AUDIT (>8 suggests harmful use)

Question 5

Give the serious complications of alcohol consumption

Answer 5

Cirrhosis

Wernicke-Korsakoff syndrome

Pancreatitis

Question 6

Give the presentation of alcoholic liver disease

Answer 6

1. Jaundice
2. Hepatomegaly
3. Spider naevi
4. Asterixis (liver flap)
5. Palmar erythema
6. Bruising
7. Ascites
8. Caput medusae

Question 7

Give the investigations for alcoholic liver disease

Answer 7

FBC - raised MCV
LFT - raised ALT, ALP, gamma-GT, bilirubin.
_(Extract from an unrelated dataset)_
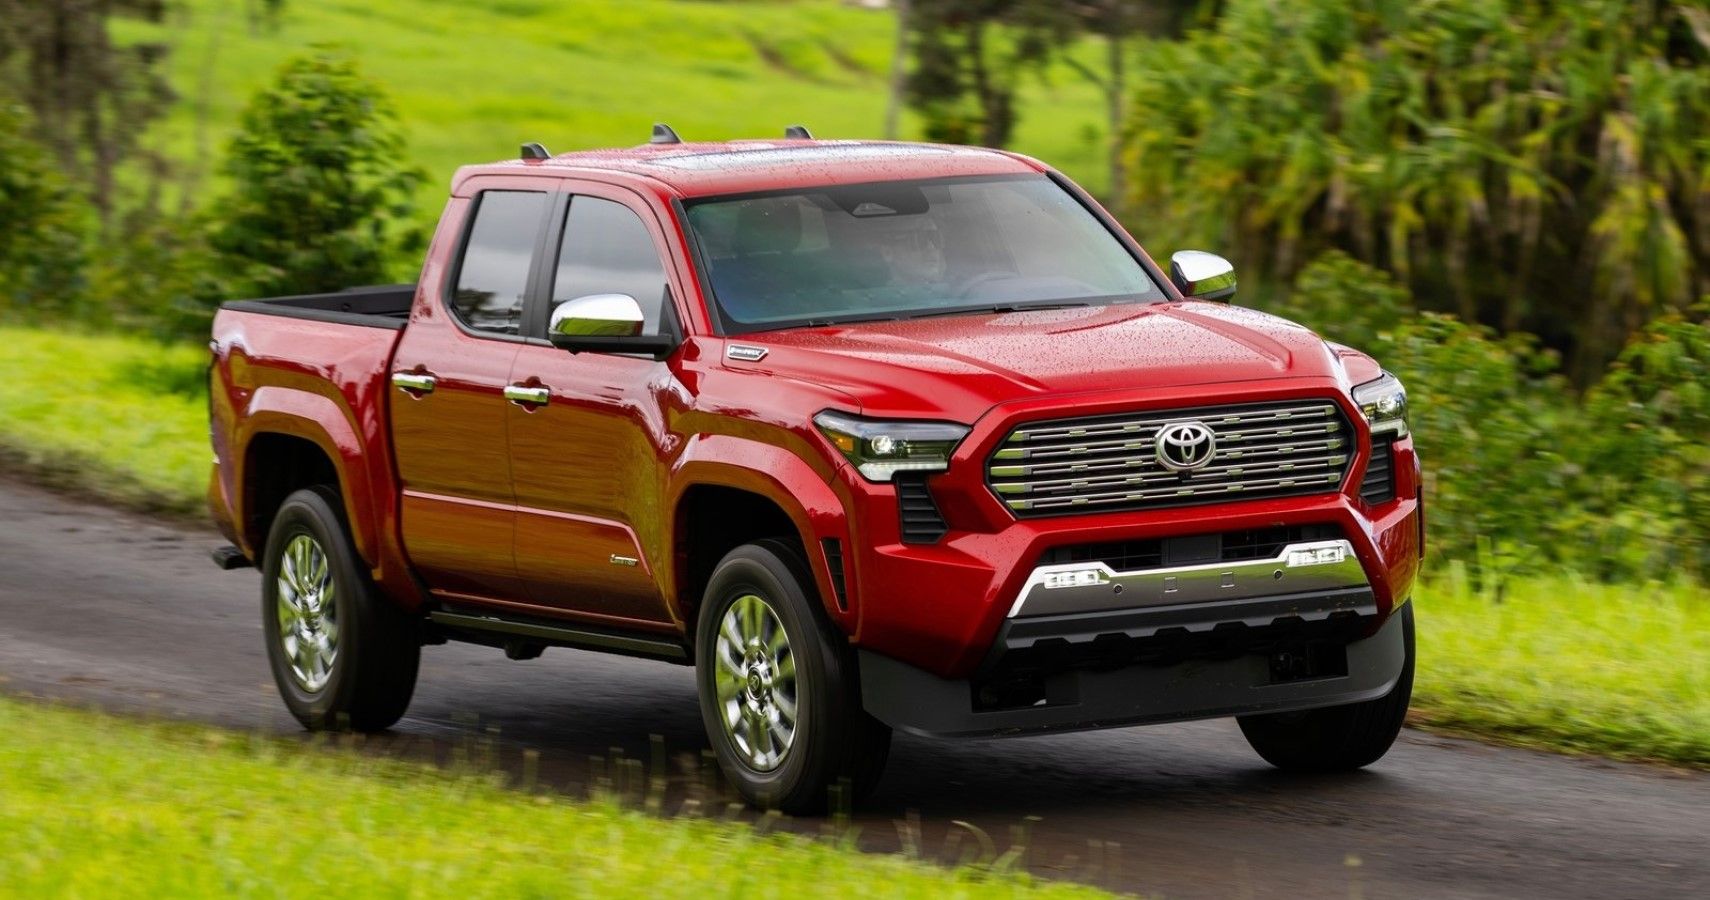 5 Most Innovative Features Of The New Toyota Tacoma (5 We Don't Like)

Decreased albumin
Clotting - elevated PT
USS - increased echogenicity
Endoscopy - to treat oesophageal varices
CT/MRI - to assess for cancer
Biopsy - definitive diagnosis

Question 8

Give the management of alcoholic liver disease

Answer 8

1. Permanent alcohol abstinence
2. Thiamine (IV pabrinex)
3. Steroids - aid short term outcome
4. Liver transplant

Question 9

Describe the stages of alcohol withdrawal

Answer 9

6-12 hours: tremor, sweating, headache, cravings and anxiety

12-24 hours: hallucinations

24-48 hours: seizures

24-72 hours: delirium tremens

Question 10

Describe the pathophysiology of delirium tremens

Answer 10

Excess excitability of neurones due to removal of previous constant inhibitor (alcohol) which they had adapted to

Question 11

Give the presentation of delirium tremens

Answer 11

1. Acute confusion/agitation
2. Delusions/hallucinations
3. Tremor
4. Tachycardia/hypertension
5. Ataxia (difficulty with co-ordinated movement)

Question 12

Give the management of delirium tremens

Answer 12

1. Chlordiazepoxide (benzodiazepine)
2. IV parbrinex

Question 13

Describe the pathophysiology of Wernicke-Korsakoff syndrome

Answer 13

Alcohol excess causes thiamine (vit B1) deficiency

Question 14

Describe the presentation of Wernicke’s encephalopathy

Answer 14

1. Confusion
2. Oculomotor disturbance
3. Ataxia

Question 15

Describe the presentation of Korsakoff syndrome

Answer 15

1. Memory impairment
2. Behavioural changes

Irreversible - patients require round-the-clock care

Question 16

Describe the pathophysiology of liver cirrhosis

Answer 16

Chronic inflammation results in the replacement of normal hepatic tissue with scar tissue (fibrosis), which disrupts blood flow through the liver and causes portal hypertension.

Question 17

Give the causes of liver cirrhosis

Answer 17

1. Alcoholic liver disease
2. NAFLD
3. Hepatitis B & C
4. Haemochromatosis
5. Wilson’s disease
6. Cystic fibrosis

Question 18

Give the presentation of liver cirrhosis

Answer 18

1. Jaundice
2. Hepatosplenomegaly
3. Spider naevi
4. Palmar erythema
5. Bruising
6. Asterixis
7. Caput medusae
8. Ascites

Question 19

Give the investigations for liver cirrhosis

Answer 19

1. Enhanced liver fibrosis blood test - 1st line
2. USS
3. Fibroscan
4. Liver biopsy
5. Deranged LFTs

Question 20

Give the complications of liver cirrhosis

Answer 20

1. Malnutrition
2. Oesophageal varices
3. Hepatic encephalopathy
4. Hepatocellular carcinoma

Question 21

Describe the presentation of oesophageal varices

Answer 21

1. Asymptomatic
2. Bleeding - patients may bleed out very quickly!
   a) Haematemesis
   b) Meleana

Question 22

Give the management of oesophageal varices

Answer 22

1. Propranolol - reduced portal hypertension
2. Elastic band ligation
3. Sengstaken-Blakemore tube - compresses oesophageal bleeding

Question 23

Describe the management of ascites

Answer 23

1. Low-sodium diet
2. Spironolactone
3. Paracentesis

Question 24

Describe spontaneous bacterial peritonitis

Answer 24

Infection of the ascitic fluid resulting in generalised infective peritonitis.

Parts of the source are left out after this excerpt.